How P(doom|superintelligence) can be changed for the better? It is easiest of Ps to change. We only need to advance interpretability research well enough so inner structure of numbers that is an AI will be as understood by developers as code of Skyrim or Windows XP was understood back in the past. We don't even need a "unified human value theory" for this because of how easy most of "Immediate survival needs" can be expressed with math.
How P(doom|superintelligence) can be reversed and not simply "changed for the better"? From 99,96875% to 0,03125? I don't know.
And why probabilities are independent? Because LLMs are trained. Not programmed.
But this was only Level I: Immediate Survival needs. There are 5 levels of needs! Needs on Level II is a 50% probability too! They too can be somewhat easily expressed in math but there is 9 of them! And if ASI won’t care for even 1 of them...
From Level III and higher there will be no "coins" with 50% but "dices" (with 3 and more sides and some of them can be rigged like how now ChatGPT can be trained not to come up with lawbreaking scemes almost all the time) because humans disagree on these options. How many permutations between different ideas for Urge Satiation (freedom from an intense addiction or urge that can’t be satiated (e.g., a heroin user who is in the throes of a very strong urge to use again or someone who is very hungry when there is food just out of reach that they can’t get to) and Choice (the ability to make choices about what we do and don’t do (including freedom from imprisonment, enslavement, and extreme coercion or control)? And we can't forget to keep a side for "shoggoth understand but do not care to follow".

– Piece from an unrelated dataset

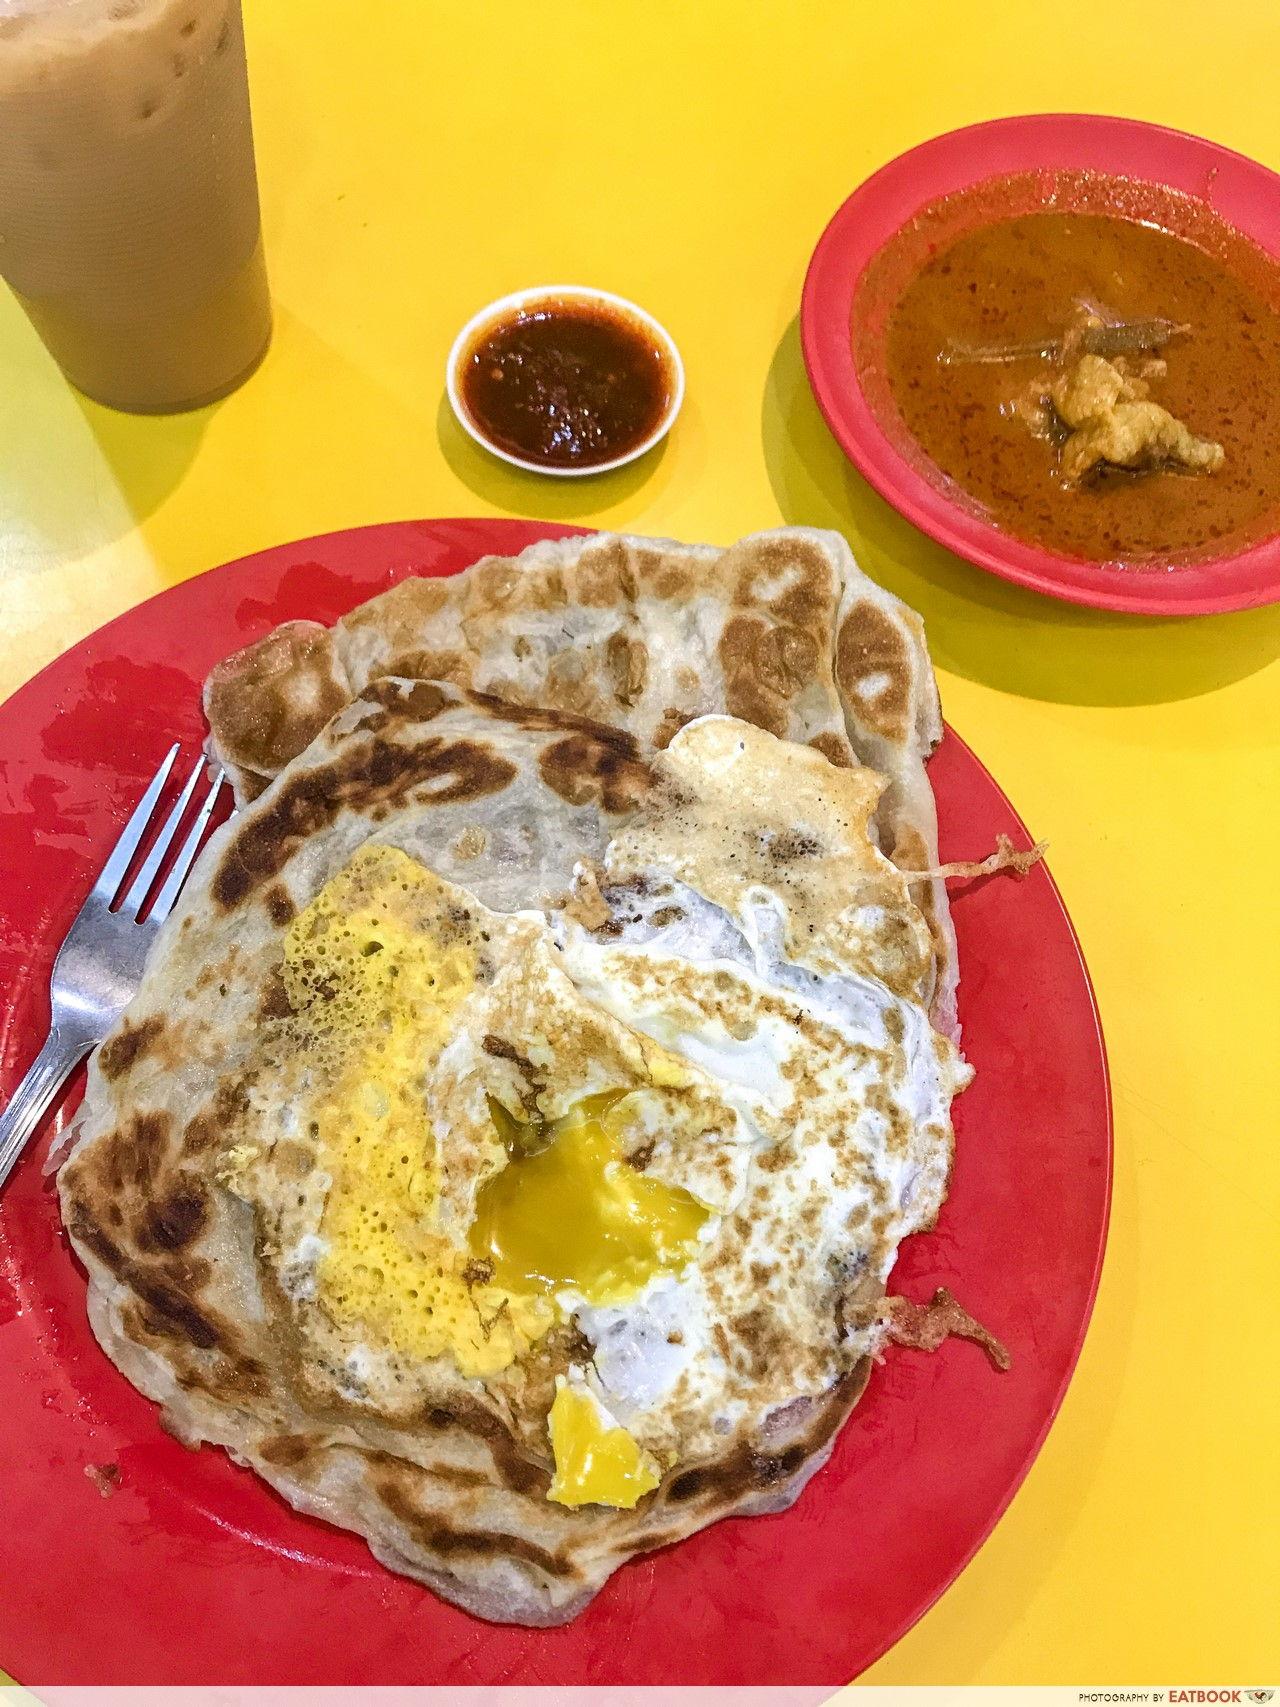 Tmpines East food - Saffron's Cafeteria Indian Food

If we can get levels 1 and 2 exactly right (and how unlikely that is? 14 "coin tosses") we will come from P(doom|superintelligence) to P(distopia|superintelligence) with 14 tosses and 17 throws. After that is P(weirdtopia|superintelligence) and finally P(utopia|superintelligence). How unlikely it is looks now with current advances in "unified human value theory" and interpretability research?